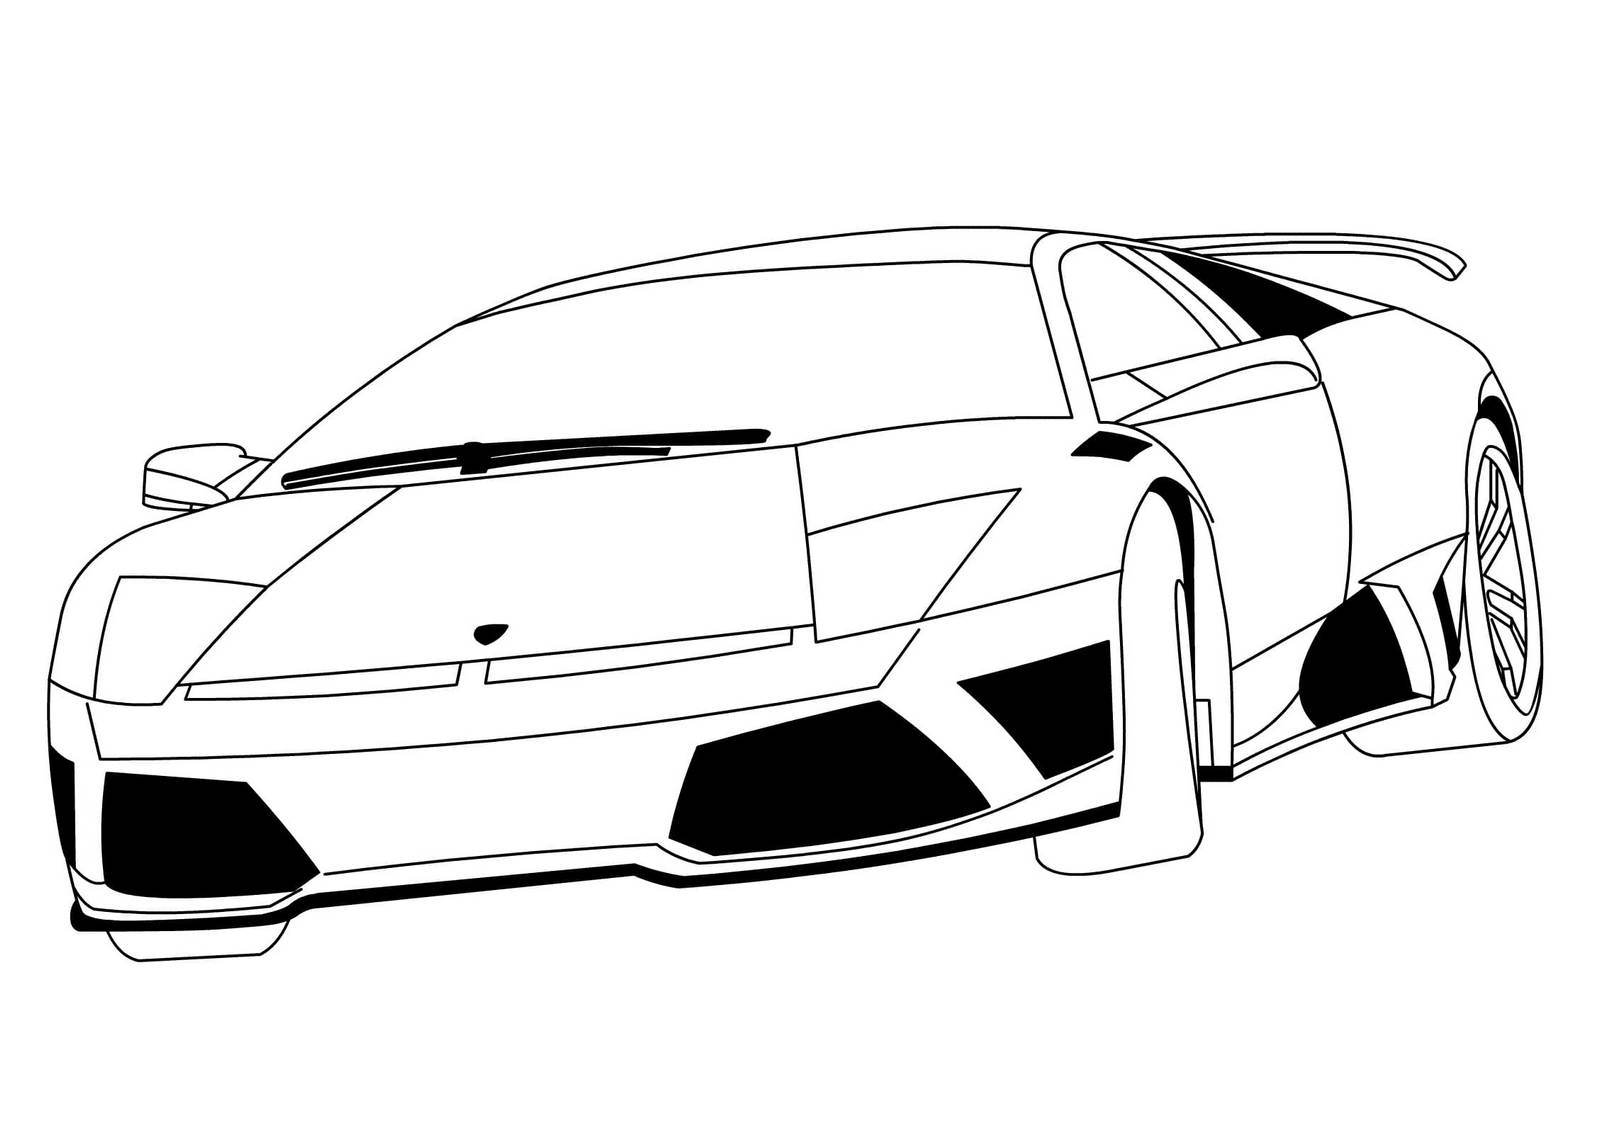 Lamborghini Aventador SV Pen Drawing - RL Illustrations - Drawings &  Illustration, Vehicles & Transportation, Automobiles & Cars, Lamborghini -  ArtPal
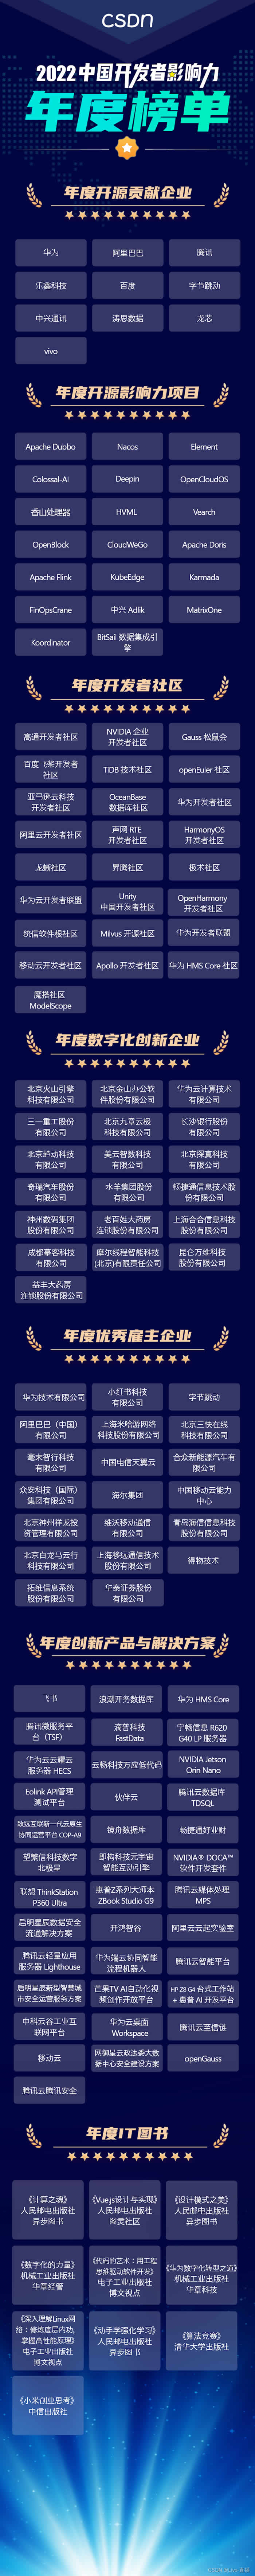 CSDN 2022 中国开发者影响力年度榜单.jpg
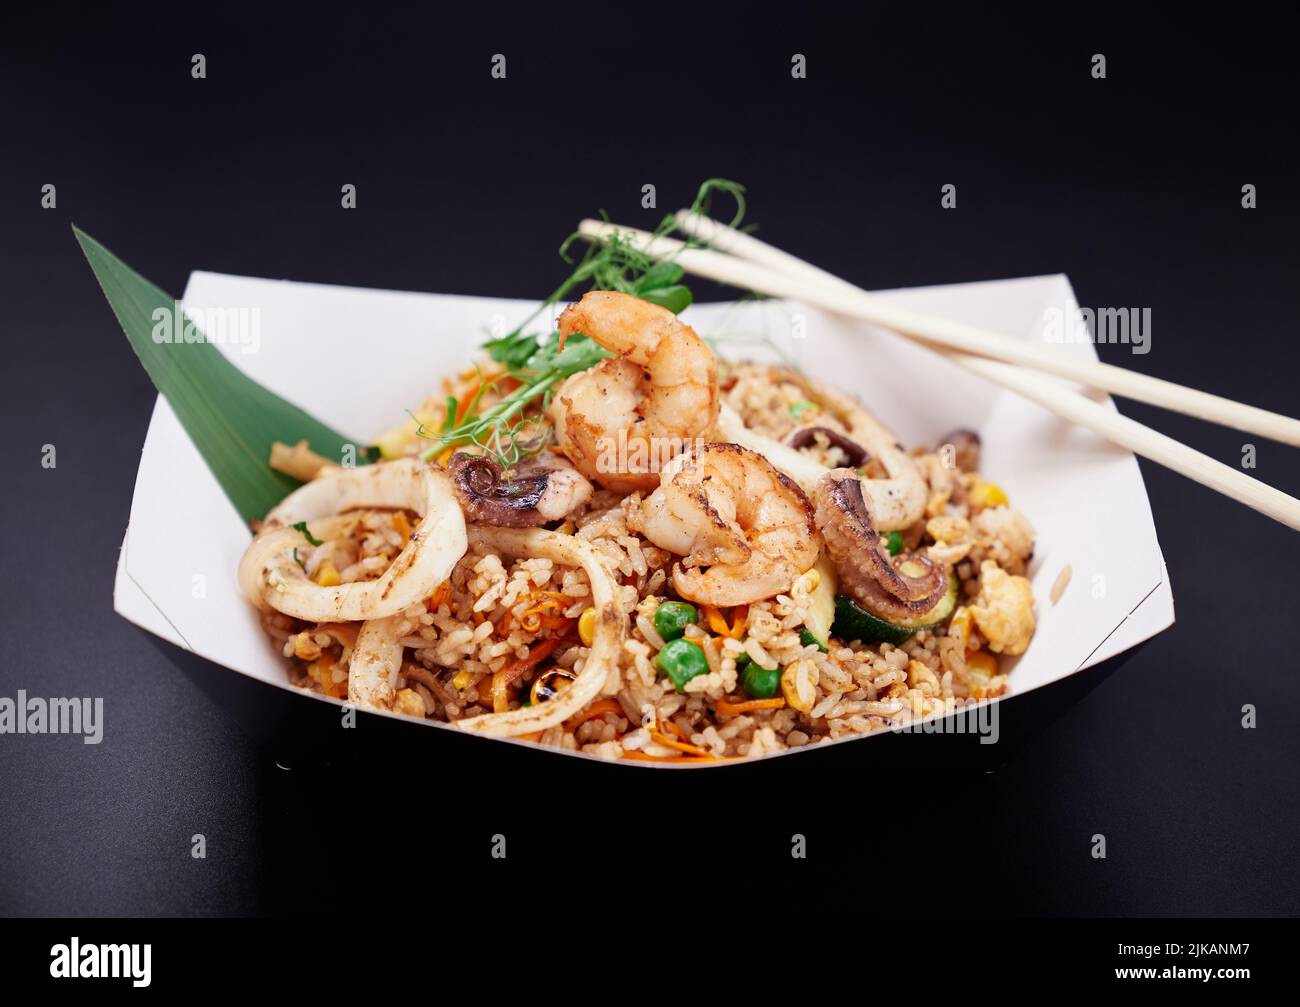 Comida rápida tailandesa saludable. Camarones, calamares y pulpos con arroz  salteado. Arroz frito con mariscos y verduras preparado en Tailandia wok  como concepto de comida vegetariana. Imagen de alta calidad Fotografía de

:::::

Activity:
Leaving the pictures behind, return every line above exactly.

Final answer:
 Lamborghini Aventador SV Pen Drawing - RL Illustrations - Drawings &  Illustration, Vehicles & Transportation, Automobiles & Cars, Lamborghini -  ArtPal
 CSDN 2022 中国开发者影响力年度榜单.jpg
 Comida rápida tailandesa saludable. Camarones, calamares y pulpos con arroz  salteado. Arroz frito con mariscos y verduras preparado en Tailandia wok  como concepto de comida vegetariana. Imagen de alta calidad Fotografía de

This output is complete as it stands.